December 24, 2023

Homily for the Epistle Reading on the Sunday Before Christmas (St. Luke of Simferopol)

We Don’t Have a Permanent City Here, But We Are Looking Toward the Future

(Hebrews 11:8-16)

By St. Luke, Archbishop of Simferopol and All Crimea

(Delivered on December 26, 1947)

In his Epistle to the Hebrews, the holy Apostle Paul says that the entire life of the Old Testament righteous was organized according to their ardent faith, like that of Abraham: “By faith Abraham obeyed when he was called to go out to the place which he would receive as an inheritance. And he went out, not knowing where he was going” (Heb. 11:8).

Abraham lived in Ur of the Chaldees, his father was a pagan, and he himself believed in one God. Having received an order from God to go to a land hitherto unknown to him, which God promised to give to his descendants, he, without thinking at all, without doubting or delaying at all, left his father and went where the Lord called him.

“By faith he dwelt in the land of promise as in a foreign country, dwelling in tents with Isaac and Jacob, the heirs with him of the same promise” (Heb. 11:9). He lived as a stranger, without an inch of his own land, and when his wife Sarah died, he had to buy a place for her burial from the indigenous people. He lived like a nomad in tents and was alien to the idea of building a rich house, although he was already very rich at that time.

“He waited for the city which has foundations, whose builder and maker is God. By faith Sarah herself also received strength to conceive seed, and she bore a child when she was past the age, because she judged Him faithful who had promised. Therefore from one man, and him as good as dead, were born as many as the stars of the sky in multitude—innumerable as the sand which is by the seashore” (Heb. 11:10-12). Who was born from him in such an innumerable multitude? This is the entire race of the faithful, the race of the righteous, and subsequently the Christian race.

"These all died in faith, not having received the promises, but having seen them afar off were assured of them, embraced them and confessed that they were strangers and pilgrims on the earth. For those who say such things declare plainly that they seek a homeland. And truly if they had called to mind that country from which they had come out (Ur of the Chaldees), they would have had opportunity to return. But now they desire a better, that is, a heavenly country.
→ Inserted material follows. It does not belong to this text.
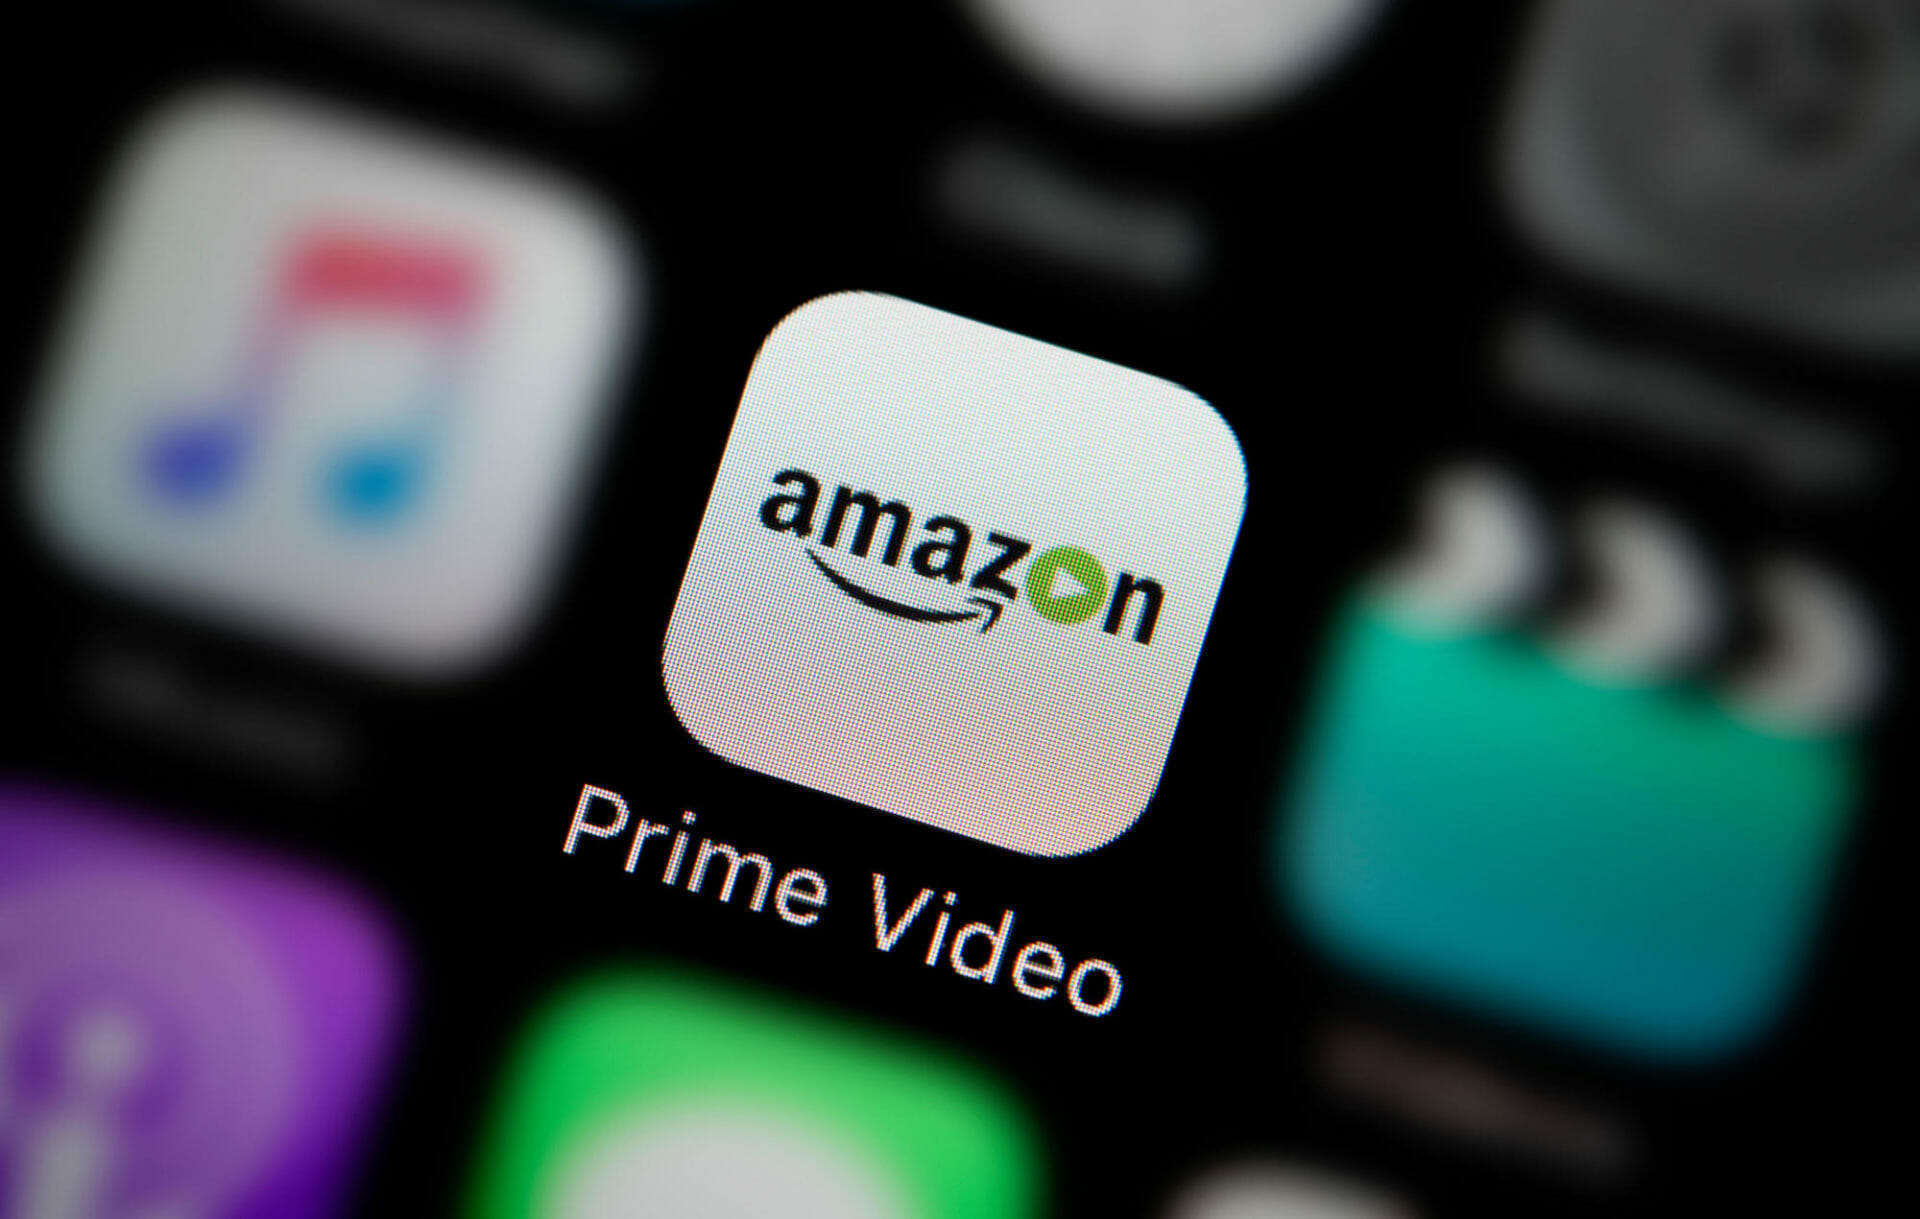 Amazon Prime Video app on a phone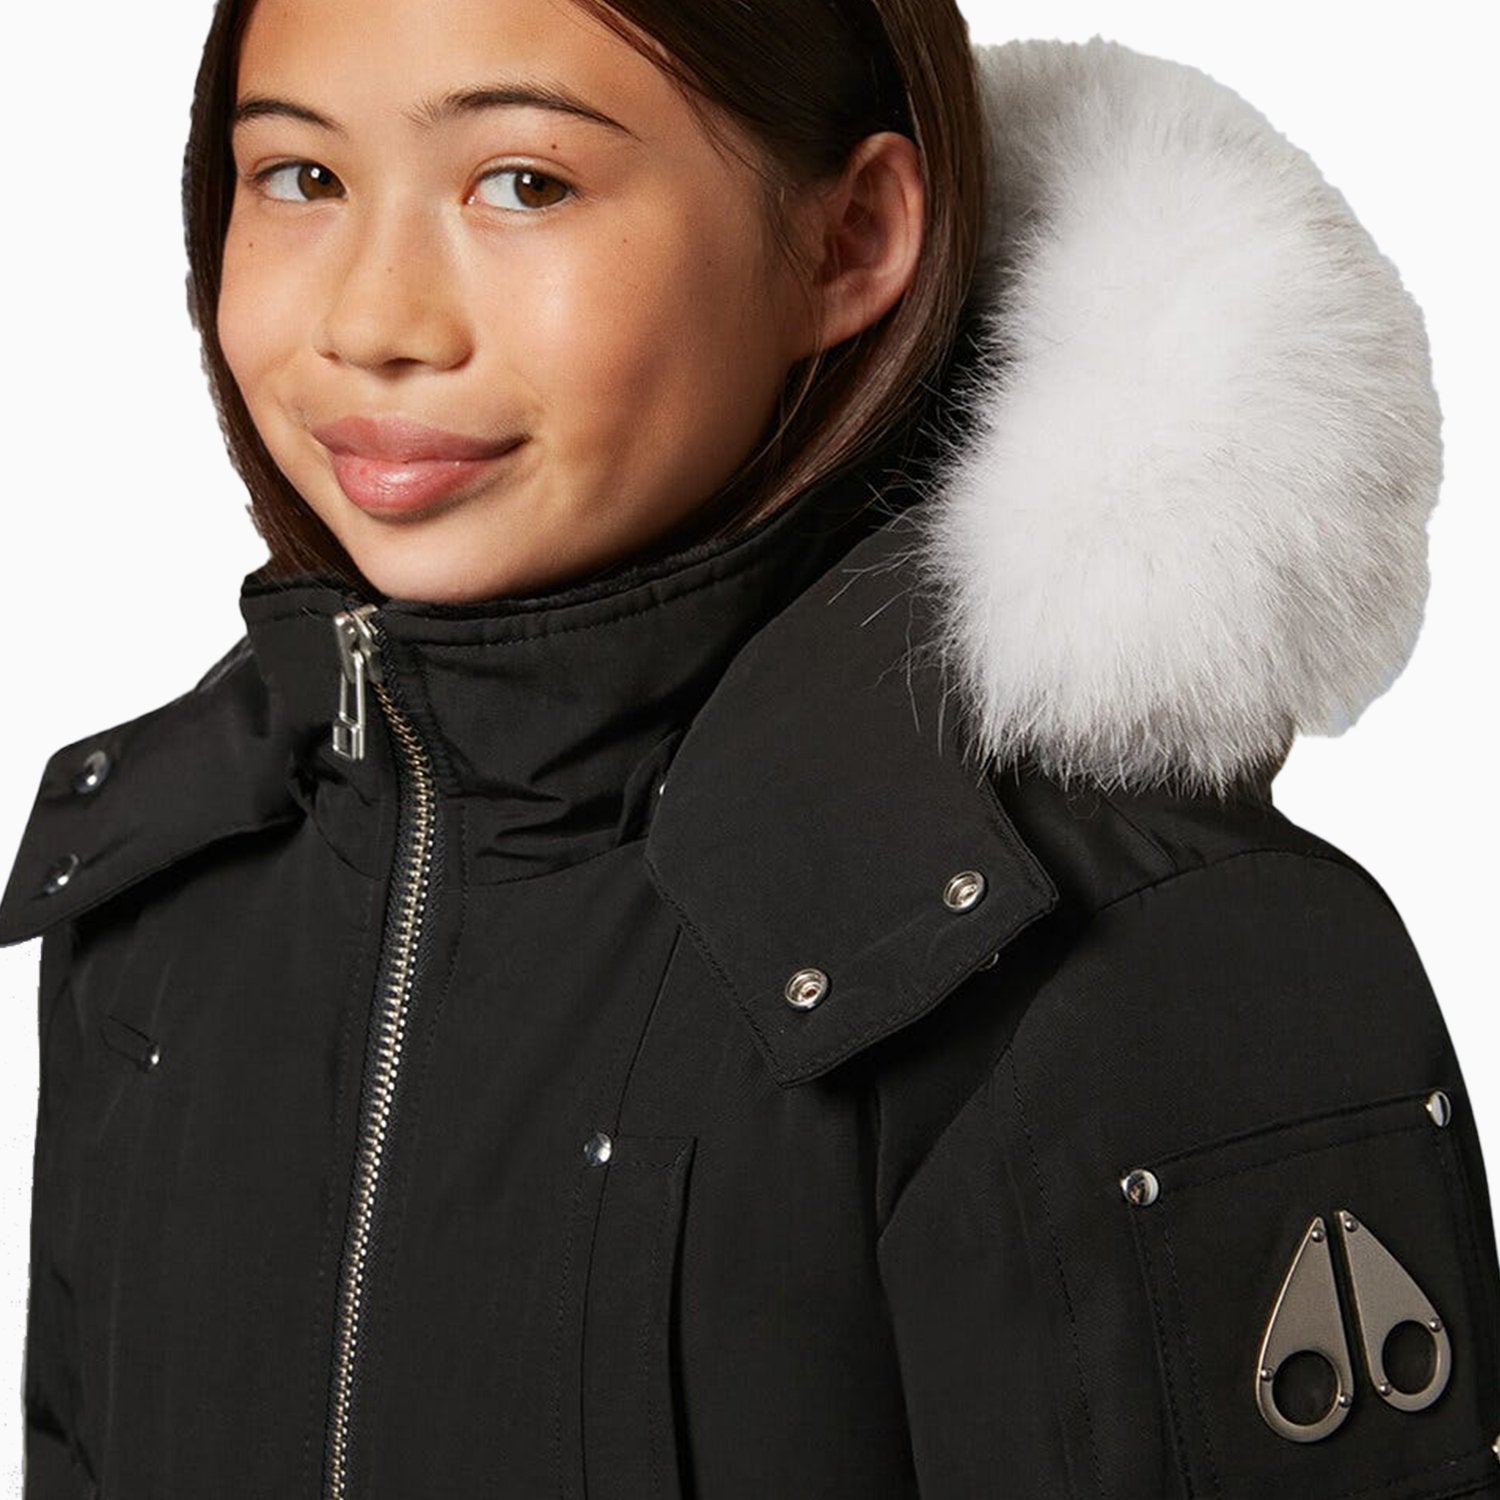 Moose Knuckles Kid's Bomber Jacket With Fur Hood - Color: Brit Blue, Arctic Rose, Red, Black, Deep Red, Black white - Kids Premium Clothing -

Therefore God is not ashamed to be called their God, for He has prepared a city for them" (Heb. 11:13–16). What if Abraham was like his sons? And if all of them, considering themselves strangers on earth, did not set up their homes like peace-lovers, if they were not looking for “a permanent city here” (Heb. 13:14), but for another, heavenly city, then isn’t this also appropriate for us, for those who are attached to the world, whose thoughts are aimed at arranging earthly life as best as possible, who does not think about the city of heaven?

All the saints felt like strangers on earth. Remember the ancient king David. Who else but he was settled in earthly life, surrounded by prosperity, and he said: “I am a sojourner in the land, and a stranger, as all my fathers” (Ps. 39:12). Shouldn’t we all consider earthly life as the time of our dangerous journey? It is necessary that we, Christians, despise wealth, glory and high position and that everything earthly be insignificant in our eyes, “For we know that if our earthly house, this tent, is destroyed, we have a building from God, a house not made with hands, eternal in the heavens" (2 Cor. 5:1).

But unbelievers do not know and do not want to know that from God we have a dwelling-place in heaven, erected for the saints, for those whose thoughts were directed to the higher and incomparably more precious heavenly things, and not to the blessings of the world. The saints sighed, were burdened by life, and suffered, like righteous Lot, living among a furiously depraved people. All those who are pure in heart, who do not tolerate evil, are tormented in this life by untruth and strive to go further away, into the kingdom of eternal truth. They strive to put off their sinful body and put on the new heavenly things.

We all need to be that way. Let us not be like those unfortunate people who save money, hide it under mattresses, in their beds, and themselves live in poverty; the loss of all wealth can shock them so much that they commit suicide. How far these pitiful people are from the saints: from Abraham, from Job, who were looking not “for a permanent city here, but... toward the future” heavenly city. Seek it also, and there may your eternal life rest with our Lord and God Jesus Christ. Amen.